#### Problem
Line by line, output everything from the one that contains "Fish market on" through the end of the material below, exactly as written and with no pictures.

====== Data segment

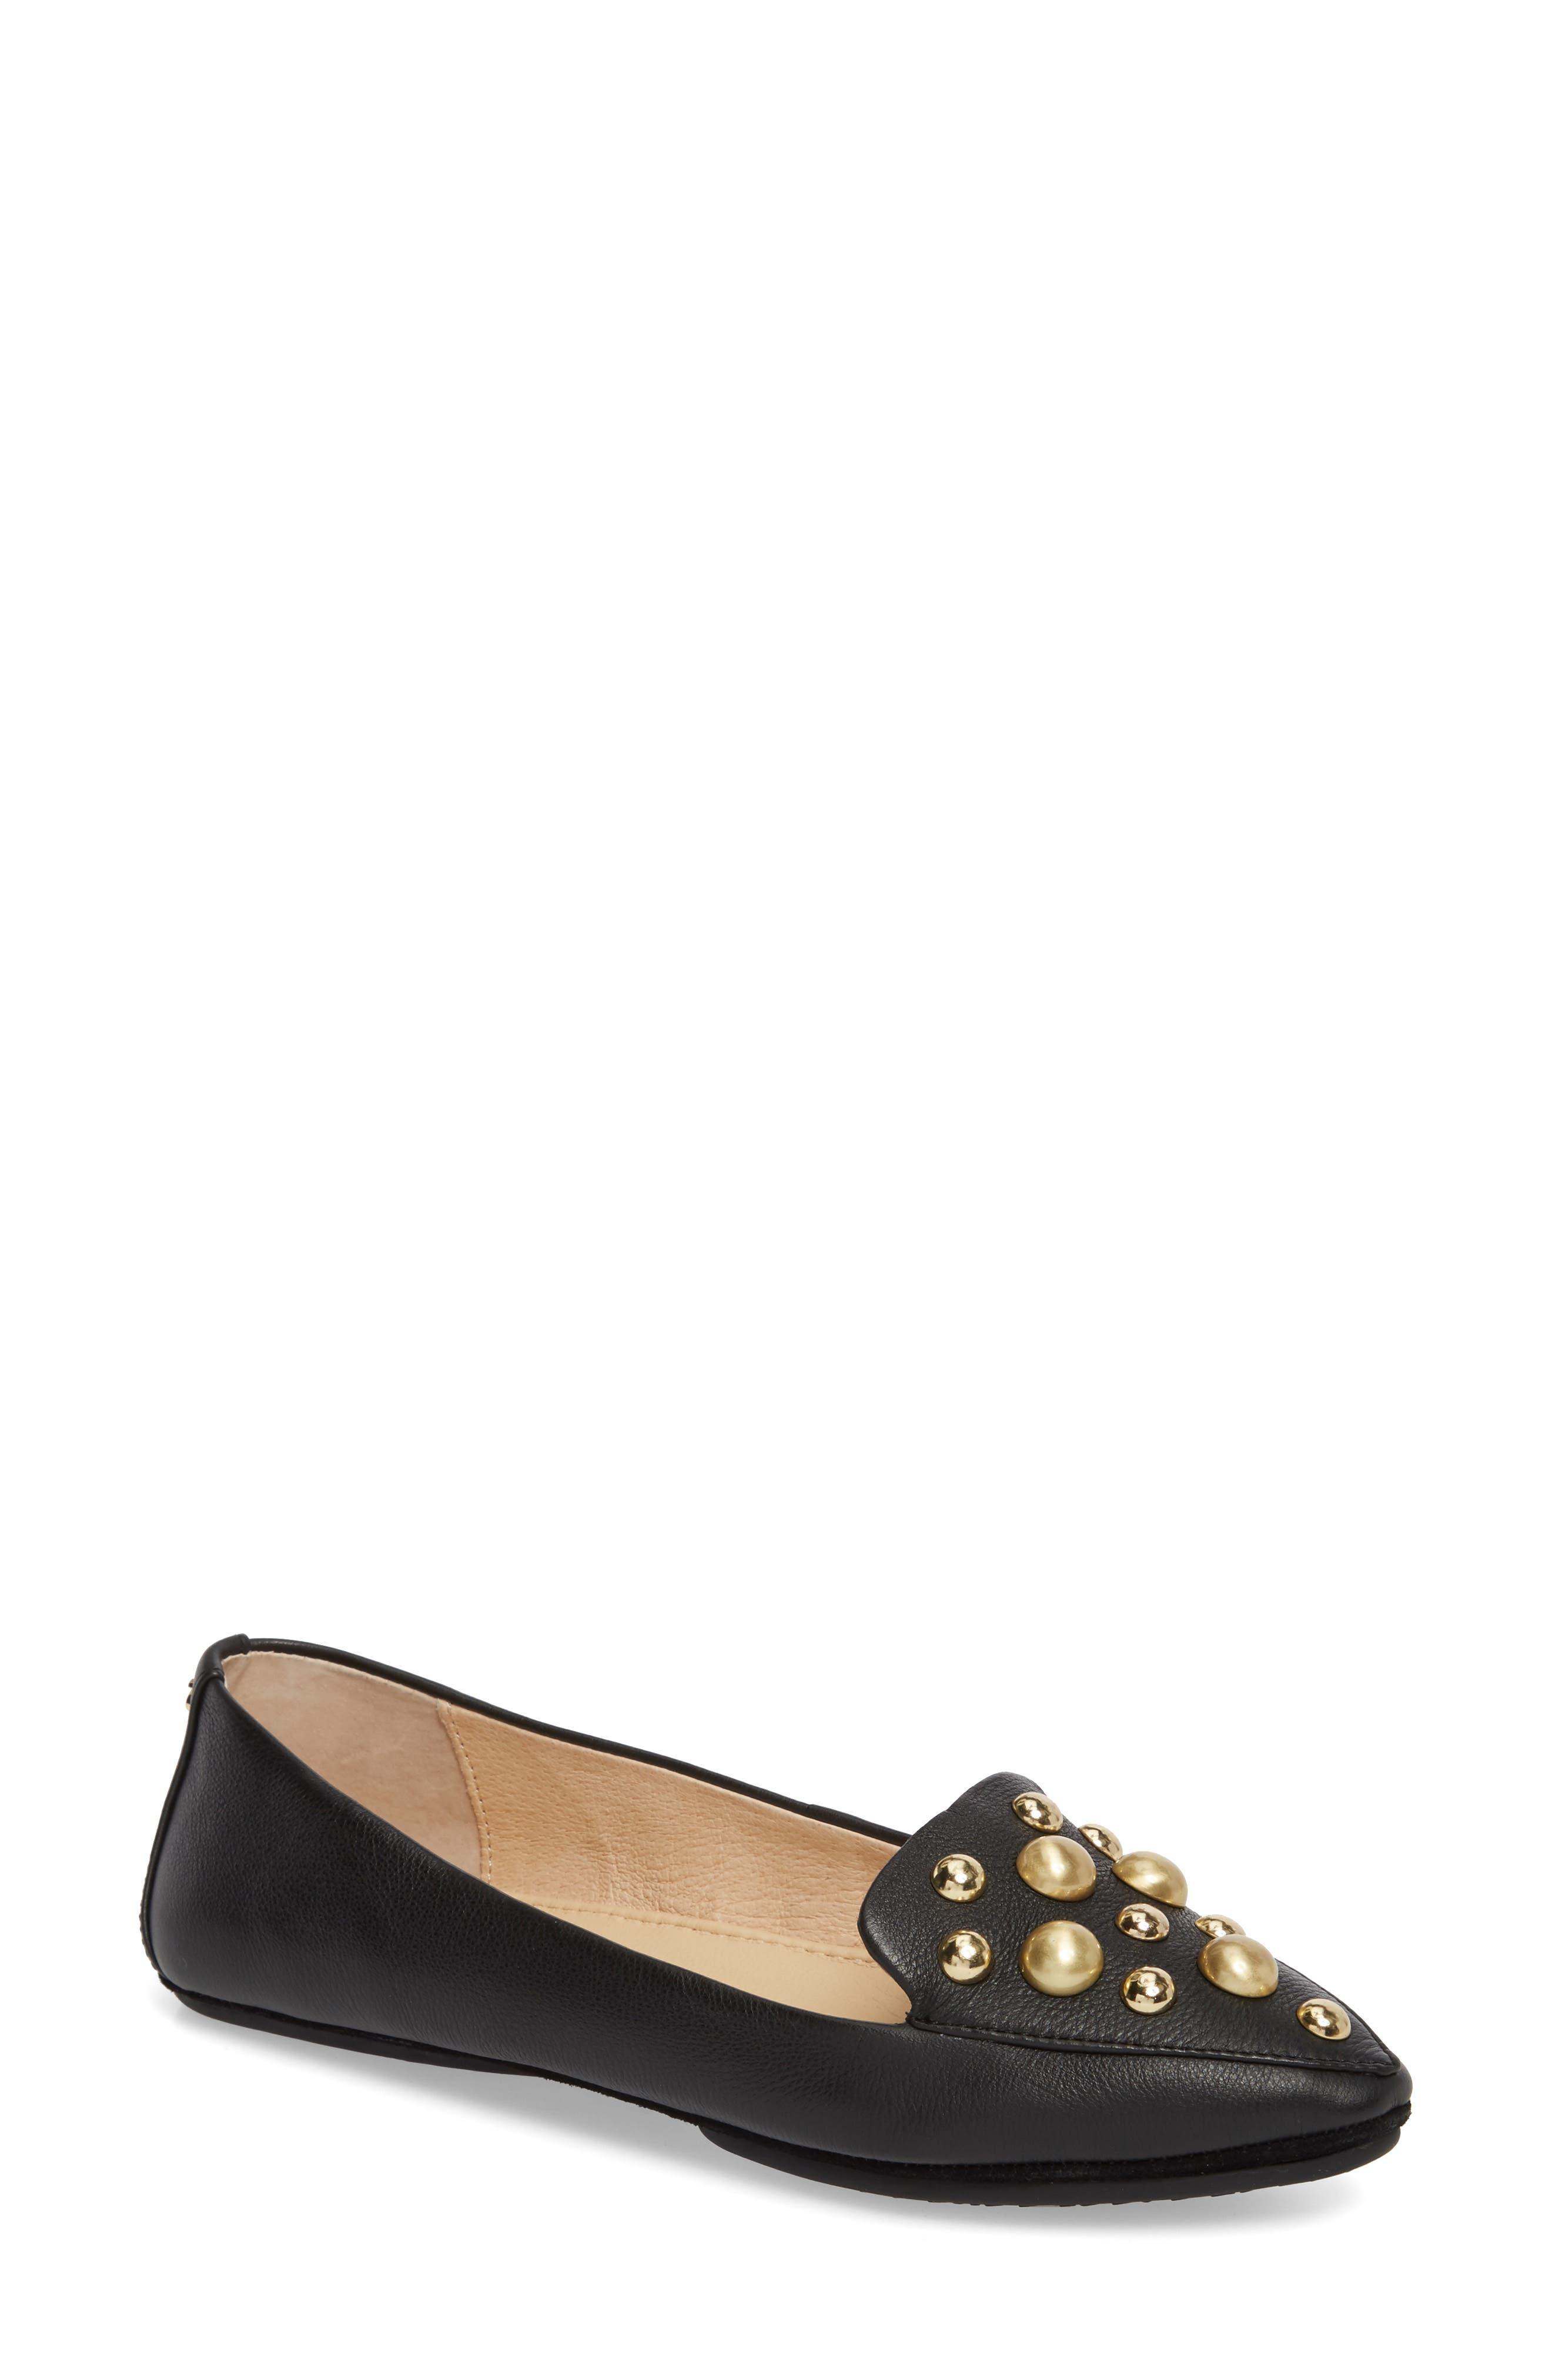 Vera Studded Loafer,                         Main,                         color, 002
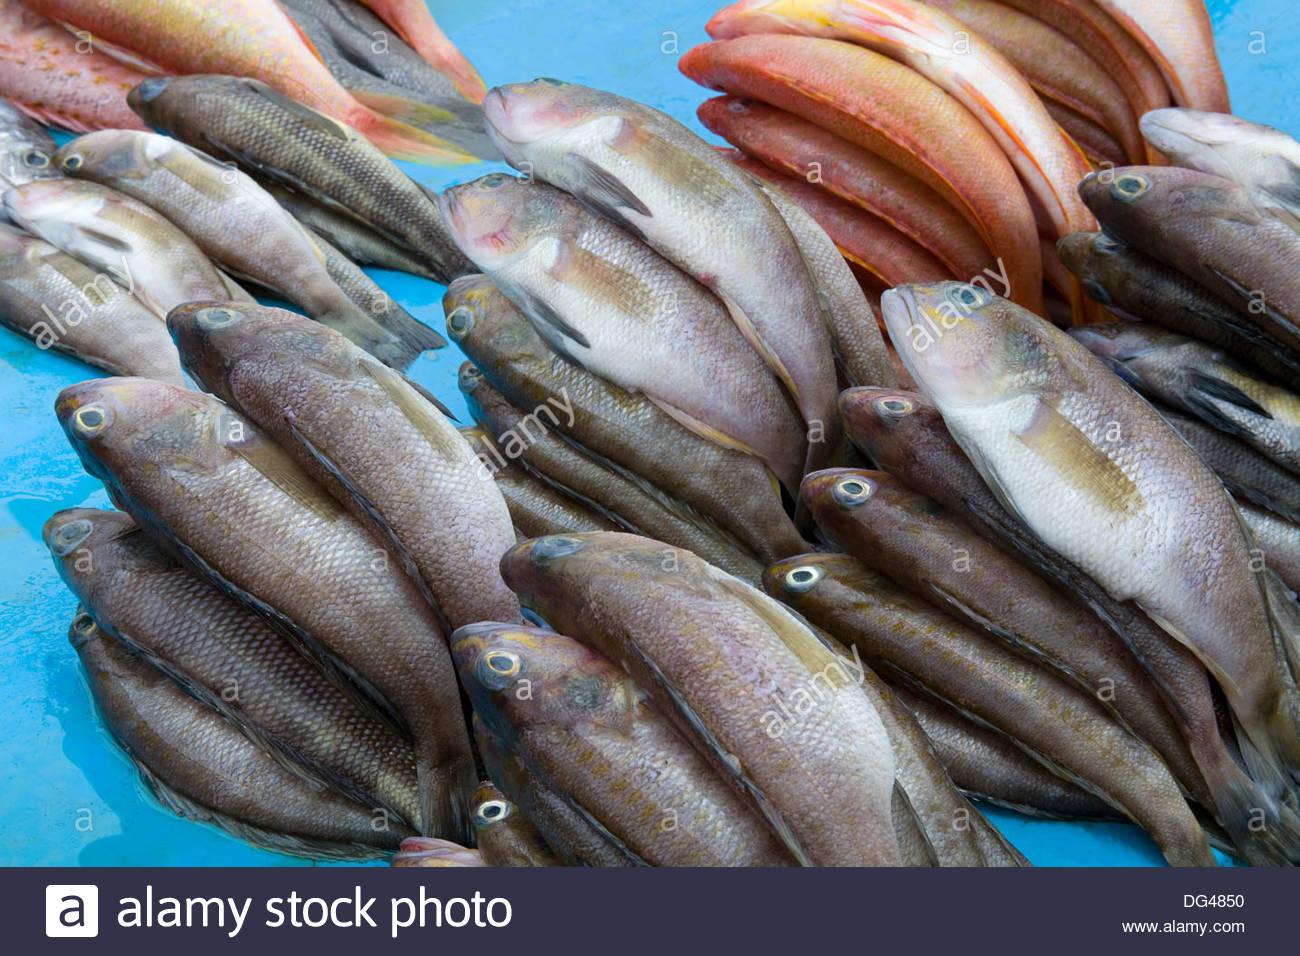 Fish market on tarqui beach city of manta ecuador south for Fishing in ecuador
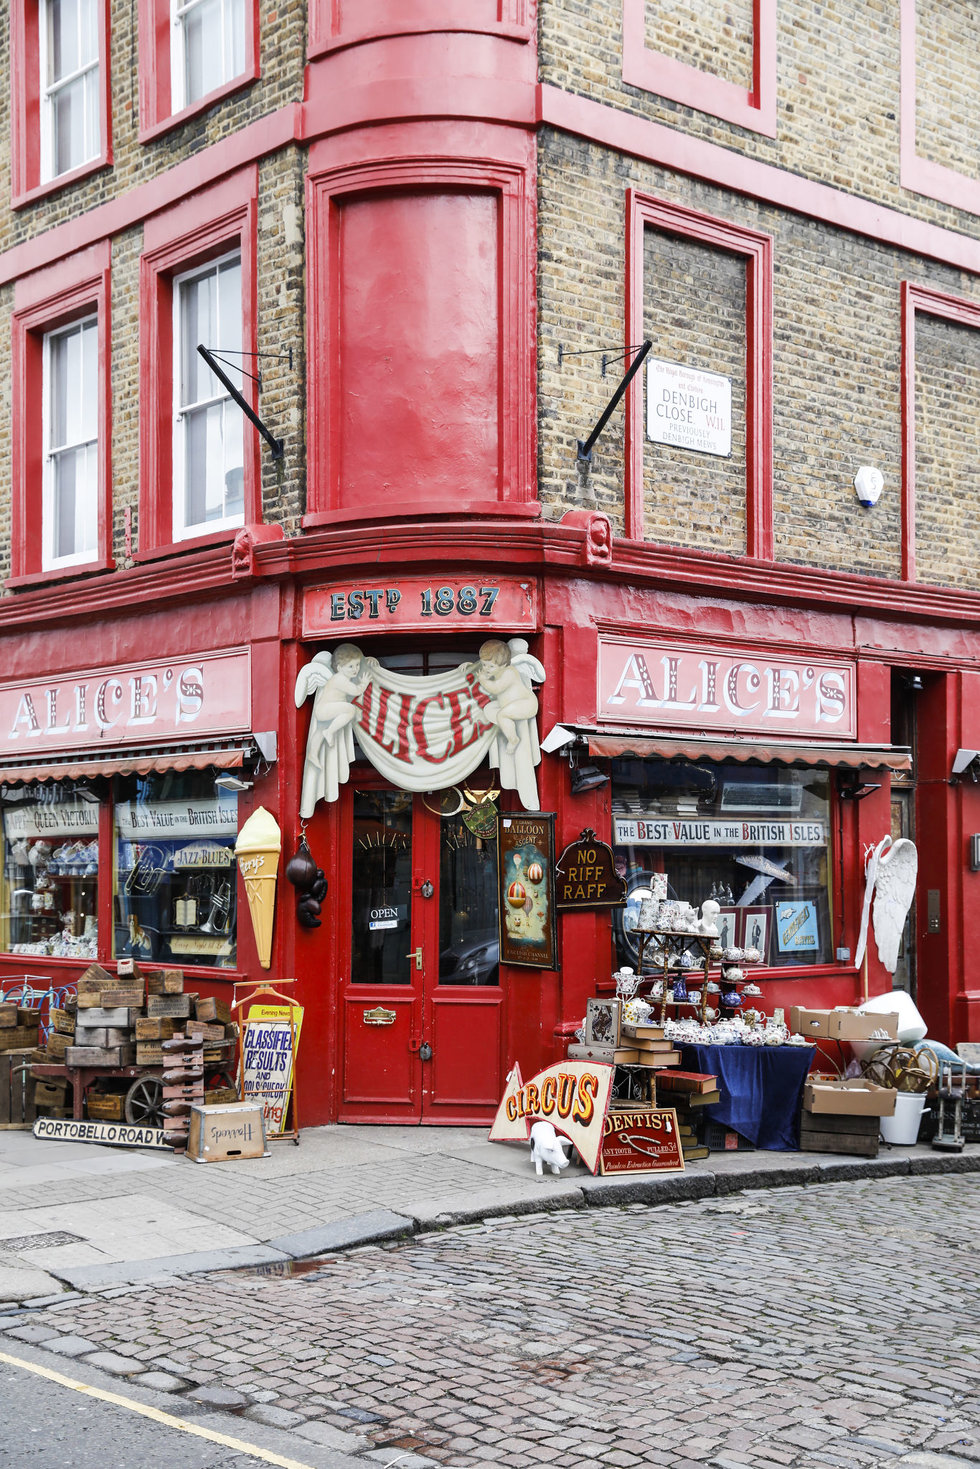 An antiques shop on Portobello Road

============

#### Exercise solution
 Fish market on tarqui beach city of manta ecuador south for Fishing in ecuador
 An antiques shop on Portobello Road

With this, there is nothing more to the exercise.